# EXERCISE INSTRUCTIONS:
Leave every picture out, then reproduce the rest of the listing exactly.

# DATASET EXTRACT:
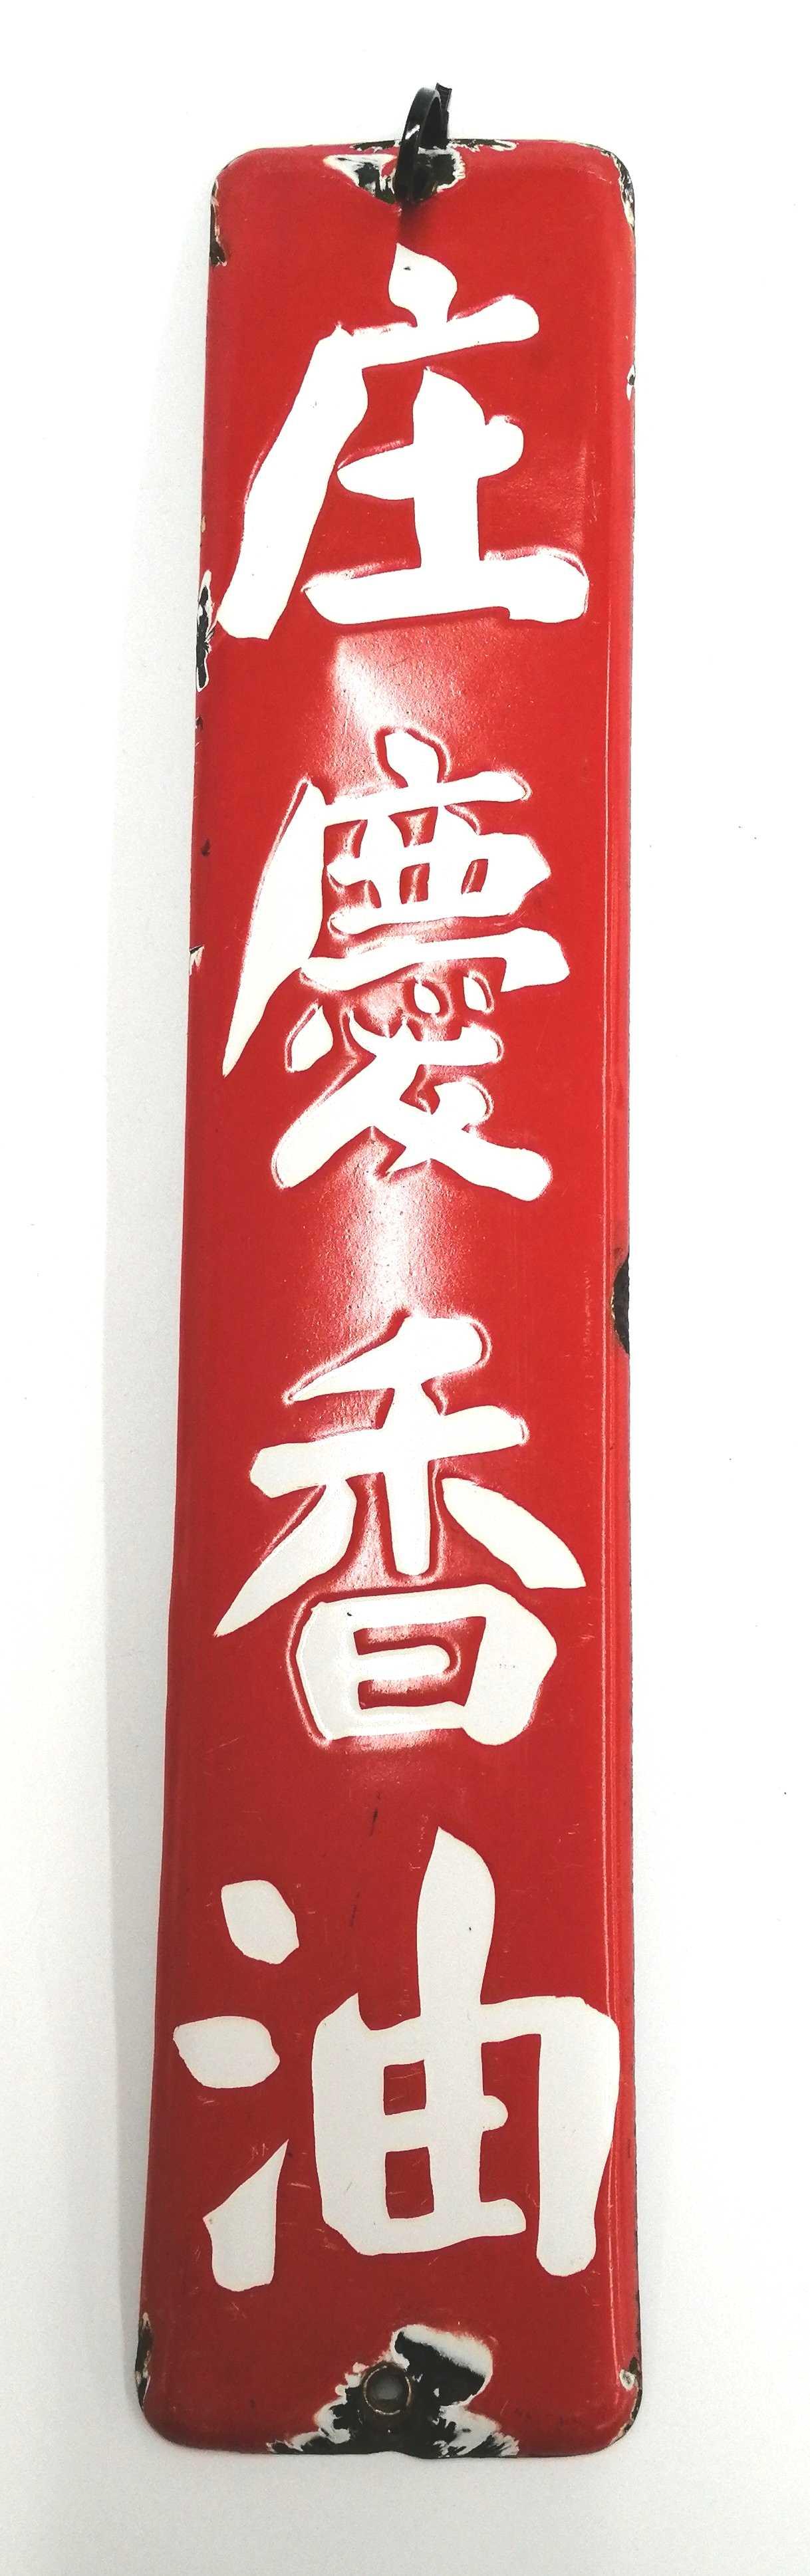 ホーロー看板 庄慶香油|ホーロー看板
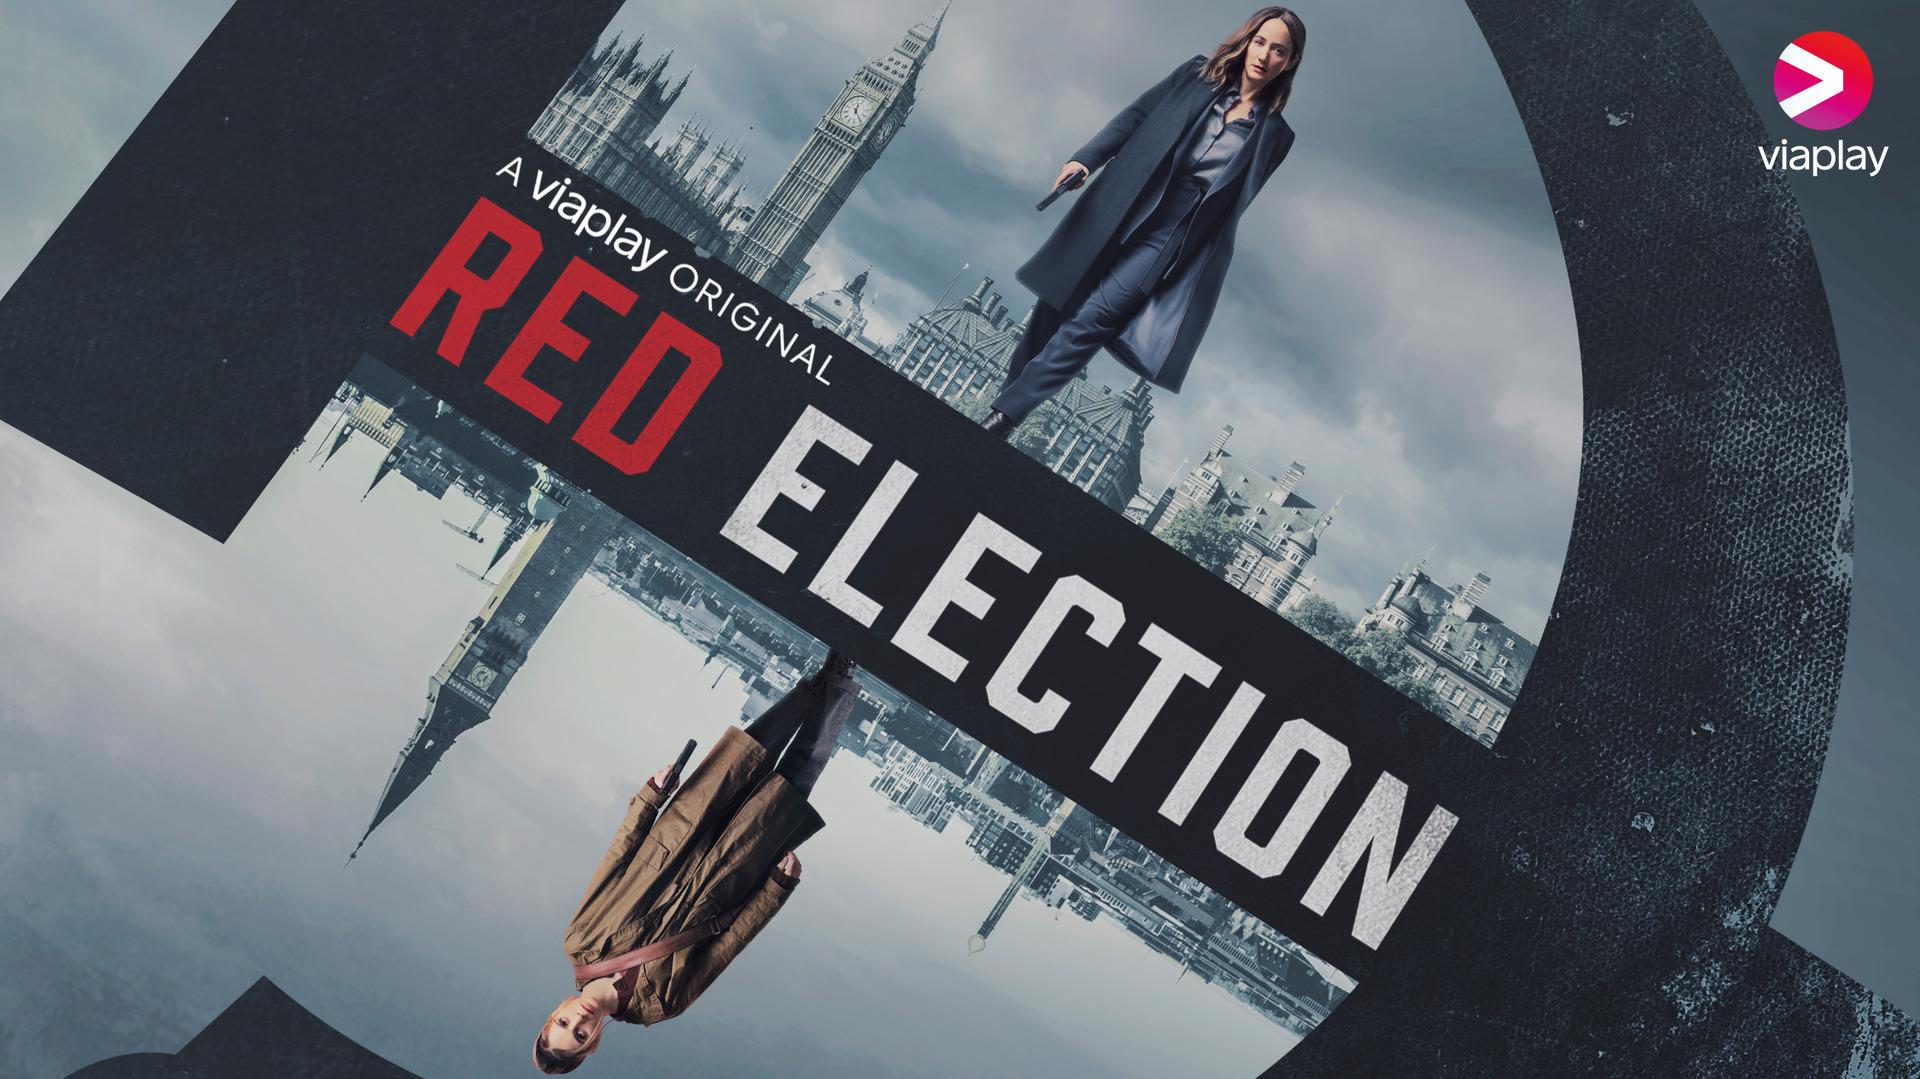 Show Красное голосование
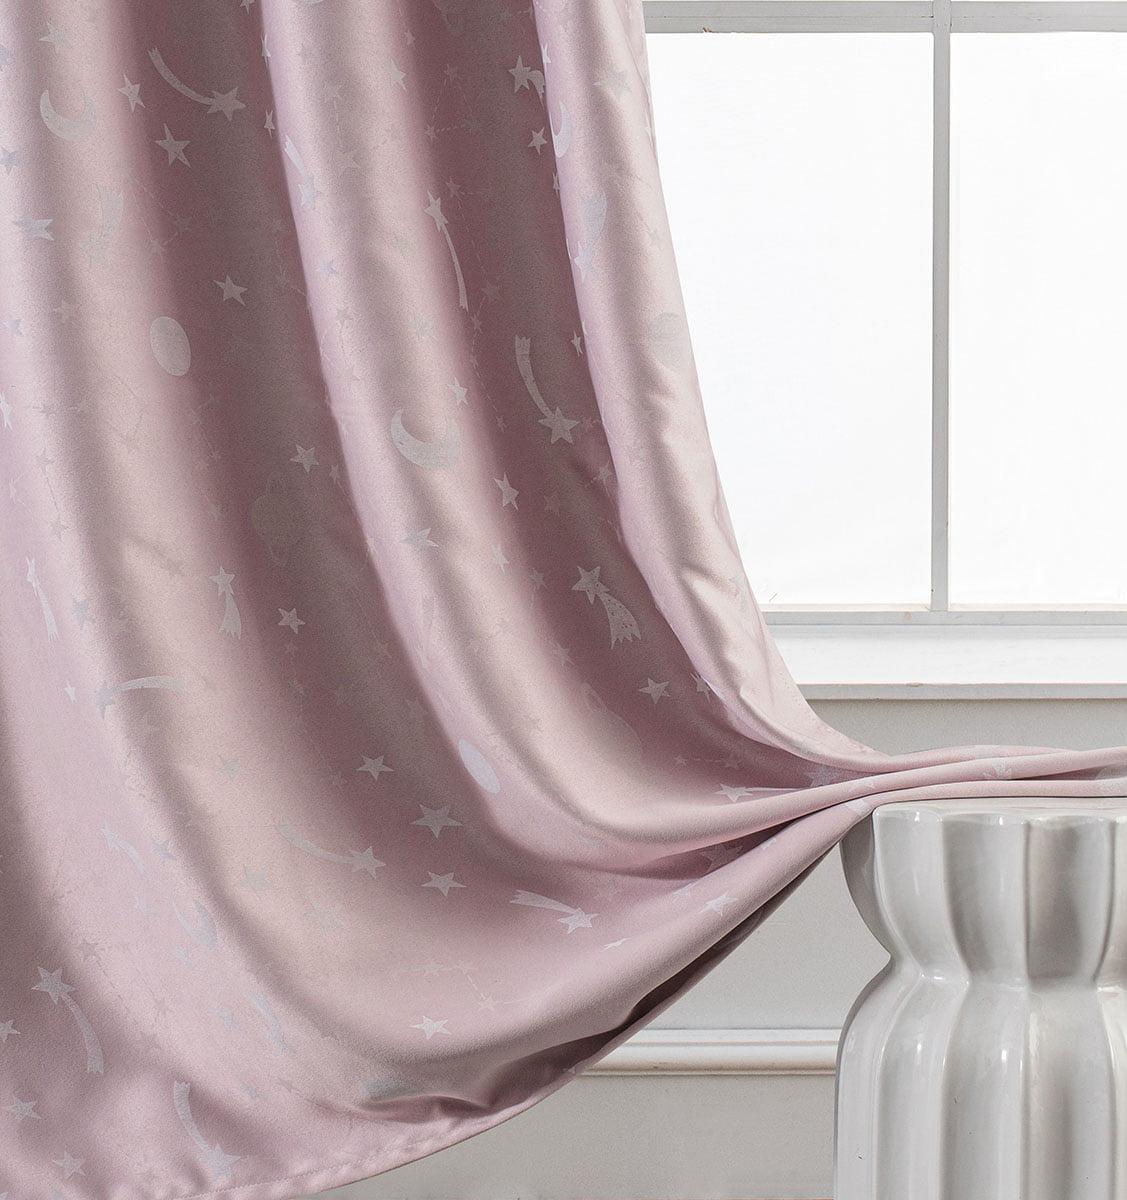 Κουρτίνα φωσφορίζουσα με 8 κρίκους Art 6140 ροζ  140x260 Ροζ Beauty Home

# TASK ANSWER:
 ホーロー看板 庄慶香油|ホーロー看板
 Show Красное голосование
 Κουρτίνα φωσφορίζουσα με 8 κρίκους Art 6140 ροζ  140x260 Ροζ Beauty Home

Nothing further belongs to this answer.